All public company CEOs know that stock price is based upon revenue growth, and I’m guessing that the growth will be found by tapping into the public cloud market. If so, look for Gelsinger to give the “We’re-Going-Back-To-Our-Roots-Speech” and announce a concentration on improving the Cloud Infrastructure Layer. If that is the case, a decision has to be made on the other two layers: Continue investing, or cut your losses and run?

Some web sites are predicting a spin-off of the middle layer, which has products like SpringSource and Cloud Foundry, but I believe End User Computing (EUC) is an even bigger issue and needs to be addressed—and quickly to avoid any further brain drain. I’m guessing that EUC accounts for the lion’s share of the $175M revenue and therefore has the most to lose should the talent walk out the door. EUC has lots of smart people who are very perceptive and will leave for better opportunities if they believe they work in a lame-duck division. As I documented in the Foreward to “The VDI Delusion,” there is a revolving door of executives and architects at End User Computing and some of the smartest EUC minds are now at FaceBook, AutoDesk, MobileIron, Cisco and Authentic8. (To name a few. Or they've already jumped ship to work in the Infrastructure layer at VMware.) Retaining the remainder of the talent will be necessary to have a company worth spinning off.

EUC as an independent company would allow VMware to retrench and concentrate on public clouds.  I don’t believe that this it too far of a stretch to imagine. Currently, when View sells a virtualized desktop, it means a copy of ESX in the data center. When the main competition, Citrix, sells a virtualized desktop, it means—wait for it—another copy of ESX in the data center. That’s right. The majority of XenDesktop deals end up on VMware servers. So VMware shouldn’t care where their ESX revenue comes from. 

As an independent company, EUC generating $175 million is a nice small sized company.
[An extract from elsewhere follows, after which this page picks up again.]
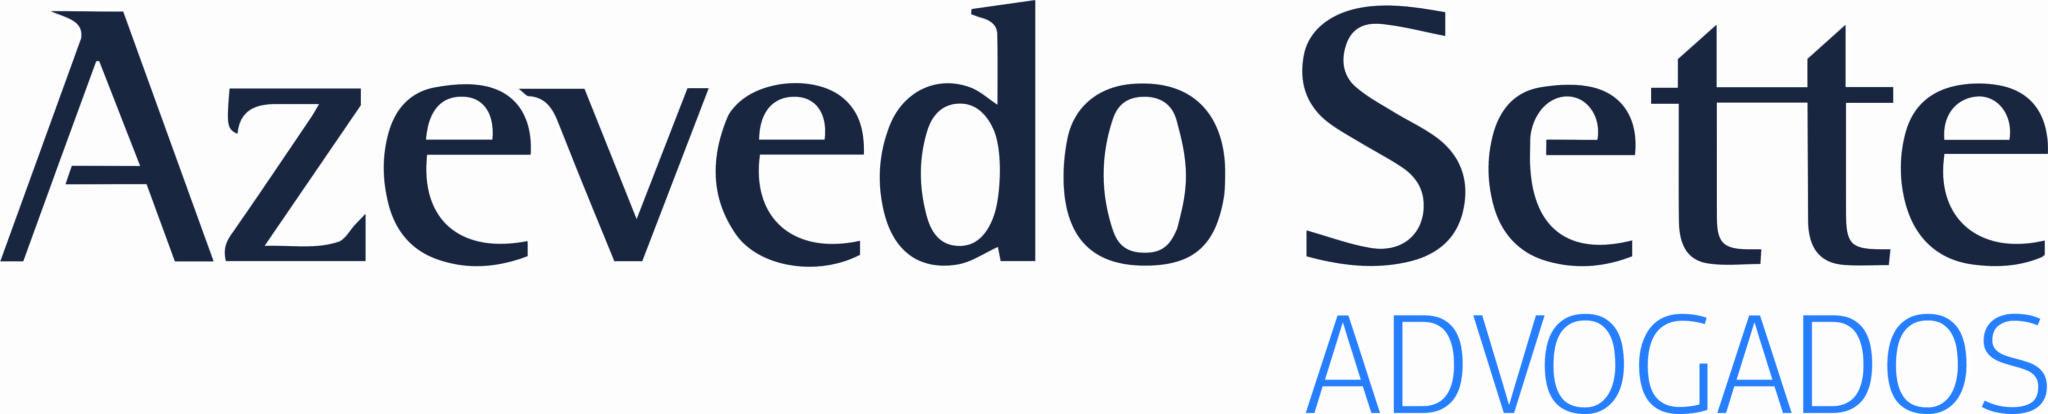 azevedo sette logo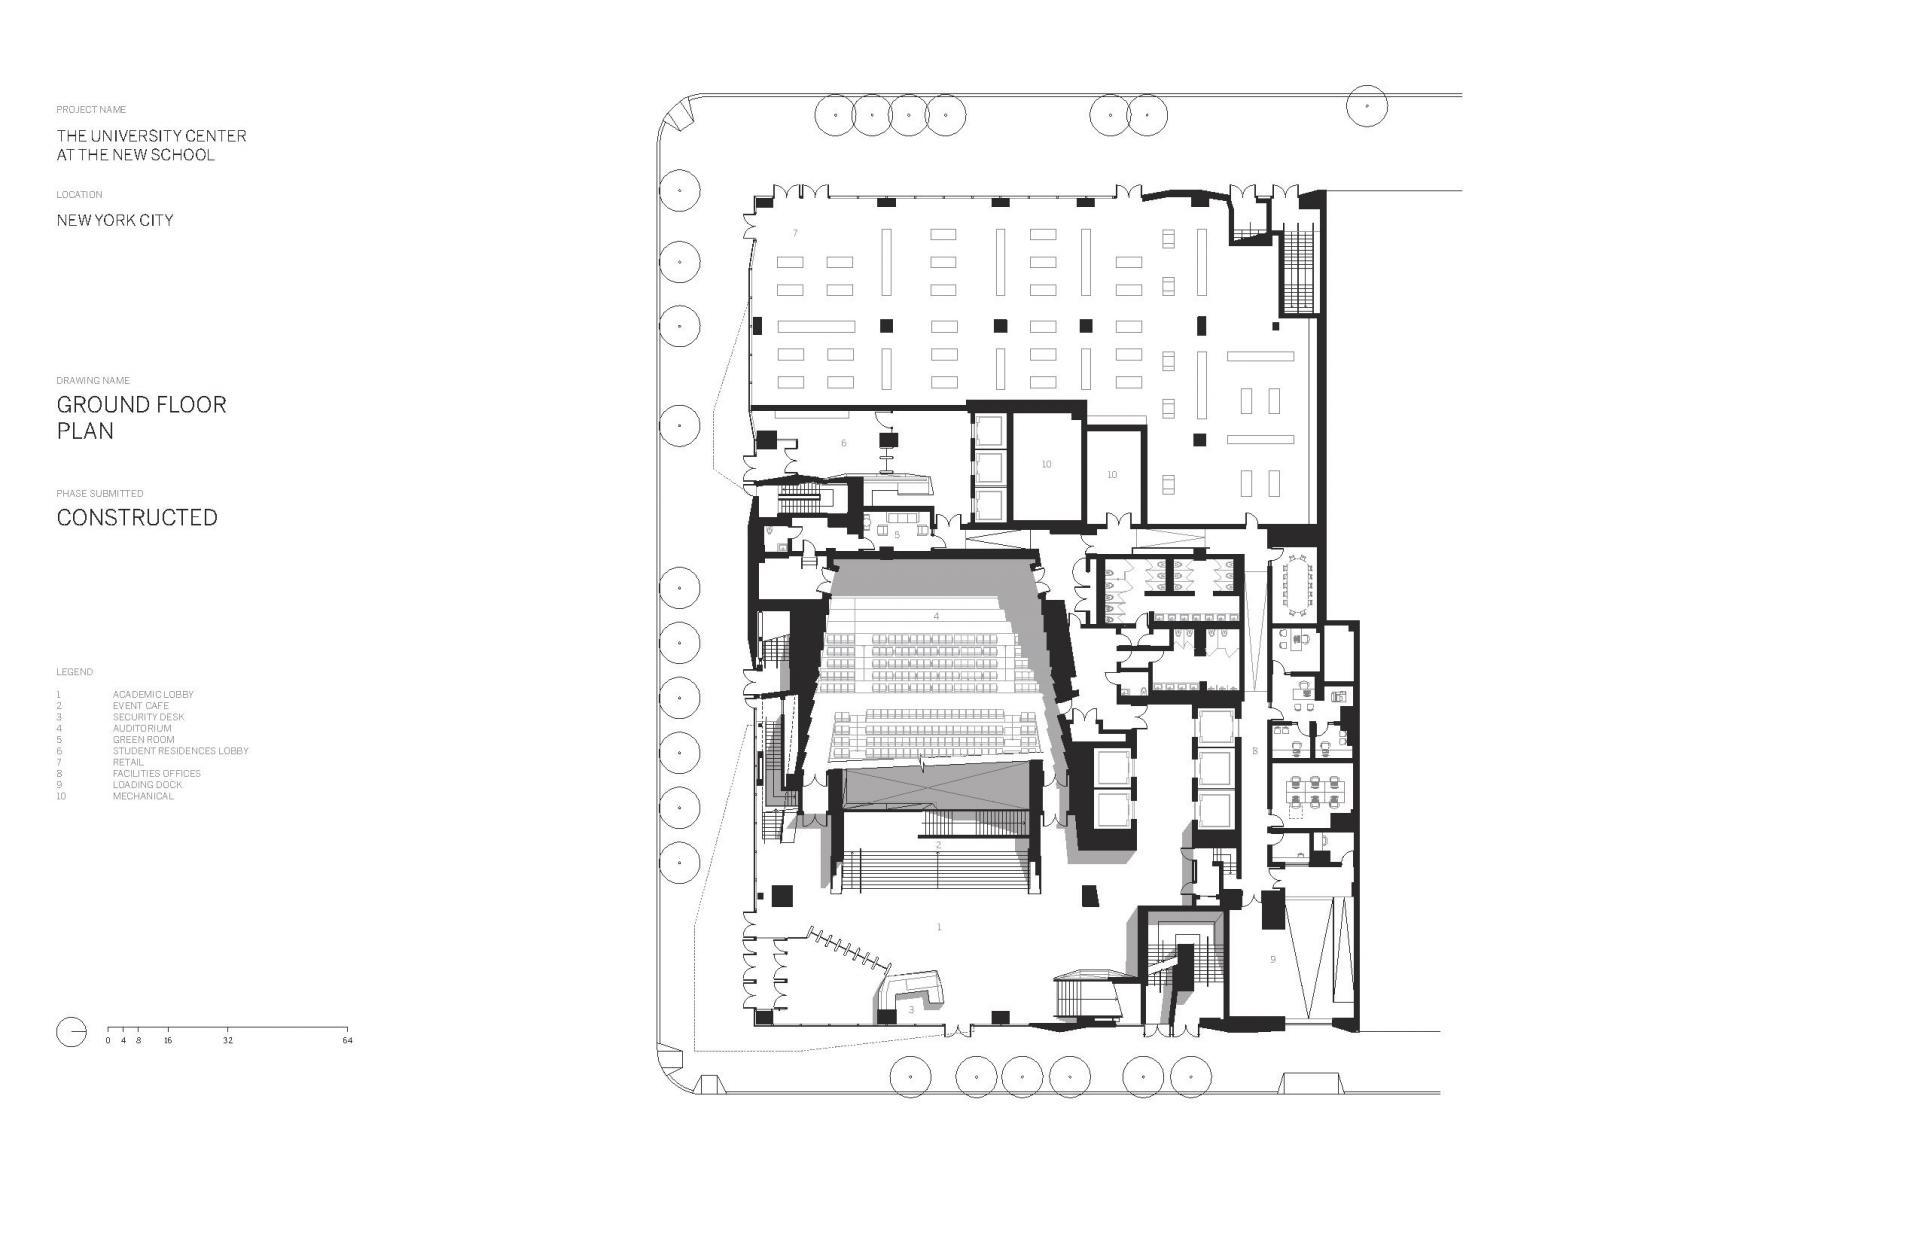 Схема учебного центра Greenwich Village в Нью Йорке - Фото 3

It would be free to innovate without the burden of having to become a billion dollar company in two years just to meet VMware’s revenue goals. They could immediately start supporting RDS without worrying about it cutting into infrastructure sales.

Will any of this happen? 

Who knows, but one indication could be the dreaded B-word: “Bundle.” A bundle of all products into one super product could be an indication that VMware is considering a spin-off or outright sale of EUC to another company. It would go something like this: VMware makes an announcement that for clarity's sake from now on, all End User Computing products are branded as View. 

Instead of Zimbra, it would become View Mail. Instead of Horizon you would have View SaaS Manager. SocialCast could be renamed SocialView and so on.

It should be an interesting VMWorld this year.